How Do You Work To Combat The Risks?: “It has changed the game — as it should have, but now it’s as safe as it’s ever been. But it is still a dangerous sport. At the NFL and college levels it is different, because it is like a mini car crash (because of the pace and speed). So it is not quite the same at the high school level.”

Doug Longero, Las Lomas-Walnut Creek

WHY DO YOU STILL BELIEVE IN TEACHING FOOTBALL: “Honestly, the life lessons that you gain from football are different than any sport you’re a part of. There’s obviously an inherent risk in any sport you play. But I really think the game is at a safer point right now than it ever has been.” 

Terry Logue, Bear River-Grass Valley 

Terry Logue, Football

Terry Logo has been running the Bear River-Grass Valley football program since 1994. (James K. Leash photo)

Why Do You Still Coach?: “Well, we’re idiots. I think it boils down to love of the game. We grew up loving the game and playing as kids. … Coaching is your way of staying with and connecting with the game and connecting with a group of young men that love the game. It never gets old when you come down on Friday night and you’ve got goosebumps. It never changes when you get that rush and that feeling on a Friday night.”

Scott Savoie, Bear River-Grass Valley

Why Do You Still Coach?: “I love football. The negativity that it’s getting now in the press really infuriates me. We are changing, adapting, and overcoming in HS football right now. The way we teach tackling and the way we teach blocking has changed. The equipment that we are giving our kids (all Bear River players have helmets with sensors to monitor hits and detect concussions) is way better than anything we have ever had. We baseline test every kid. It’s getting a bad rap. We are doing everything we can to protect kids.”

Paul Doherty, Folsom

Why Do You Still Coach? “We want these kids to get everything there is out of high school football. High school football has so much to offer in respect to team building, in terms of character building, in terms of work ethic, in terms of accountability. There’s a huge lack of accountability, just in society in general these days. So we’re trying to tell these kids, ‘It’s not about the touchdowns. It’s not about the offers. It’s not about the state championships.’ Those things are great, and they’re a part of our program, but they’re well documented.”

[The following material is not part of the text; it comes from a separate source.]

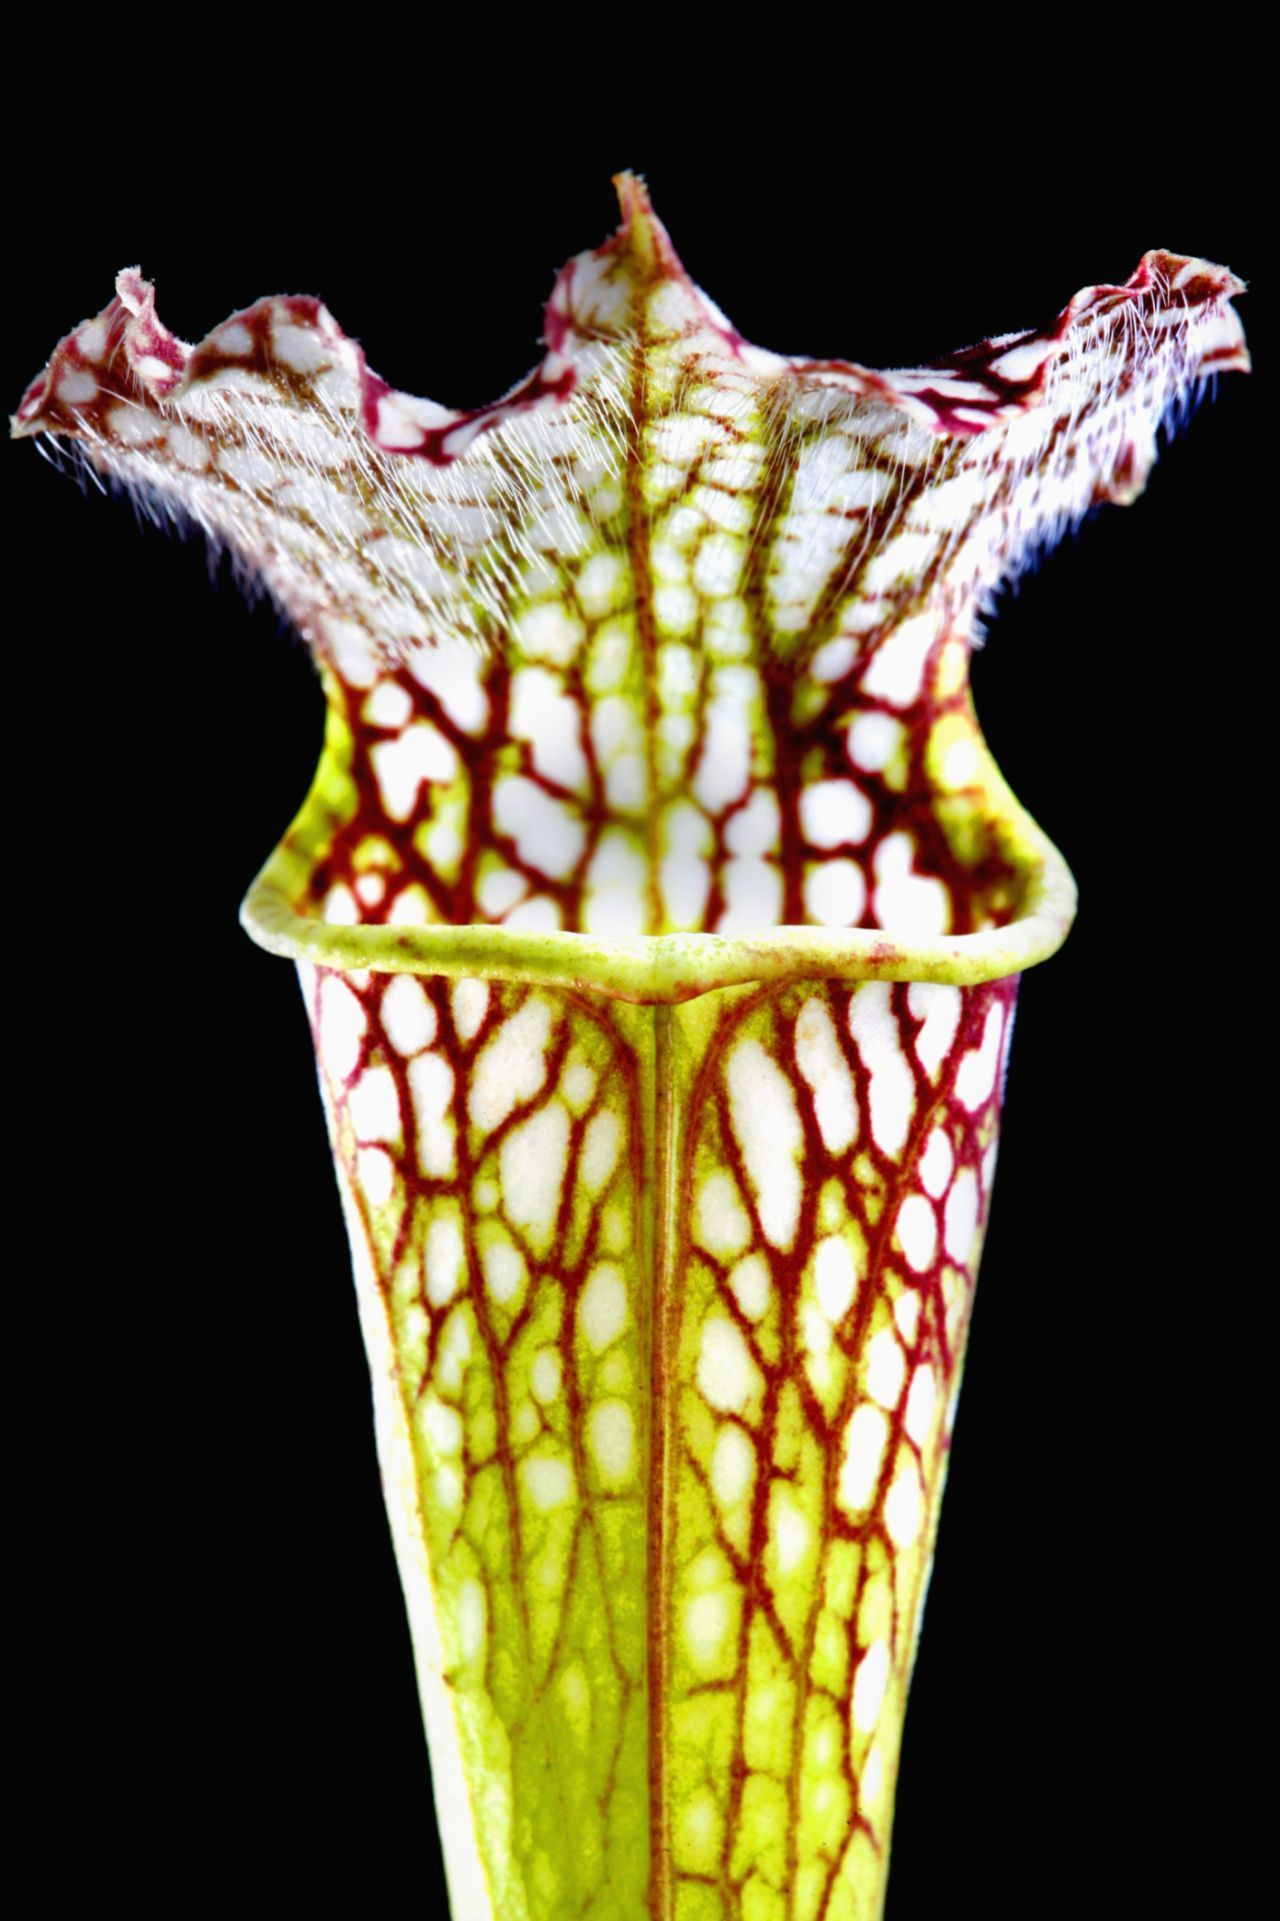 Pin On Top Unusual Plants

Why Is Football Important?: “John Wooden’s motto of success is, ‘Success is defined by giving your best effort — win, lose or draw.’ And if guys can put all of that into a (football) season, and see the incredible success they’re going to have — and then see that when they’re 28 and put that same effort into a relationship with their spouse, with their kids, with their job, to pursue something at 100 percent, to really buy all-in. They’ll see how successful that marriage will be, see how successful your relationship with your kids will be. You’re learning those skills in high school football … I don’t think you can find that in a chemistry classroom.”

Trent Merzon, Oakdale

Why We Play, Trent Merzon, Football

Trent Merzon has led the Oakdale football program for two decades. (Jim Johnson photo)

Why Is Football Important?: “I personally thrive on doing hard things. I love football because it is so hard. Our kids have to embrace accomplishing hard things. Just being there also isn’t enough, they must go hard and allow themselves to be driven hard once they are there. Too many leaders in our society ask things of others that they won’t don’t or can’t give themselves; kids see through that stuff. 

“Kids that survive our program know that they are a different kind of ready for the world than other kids. I don’t want to just exist, I want to thrive! I want our kids to do the same thing.  Learn to be a small part of a thriving large group, business or family. The world might be changing, but I’m not and I won’t. Numbers are decreasing because of poor leadership and a soft society that doesn’t know how to grind. Instant gratification or highlight films aren’t true measures of successful people. I love football for everything that it brings, even failing because that is as much a part of life as the winning.”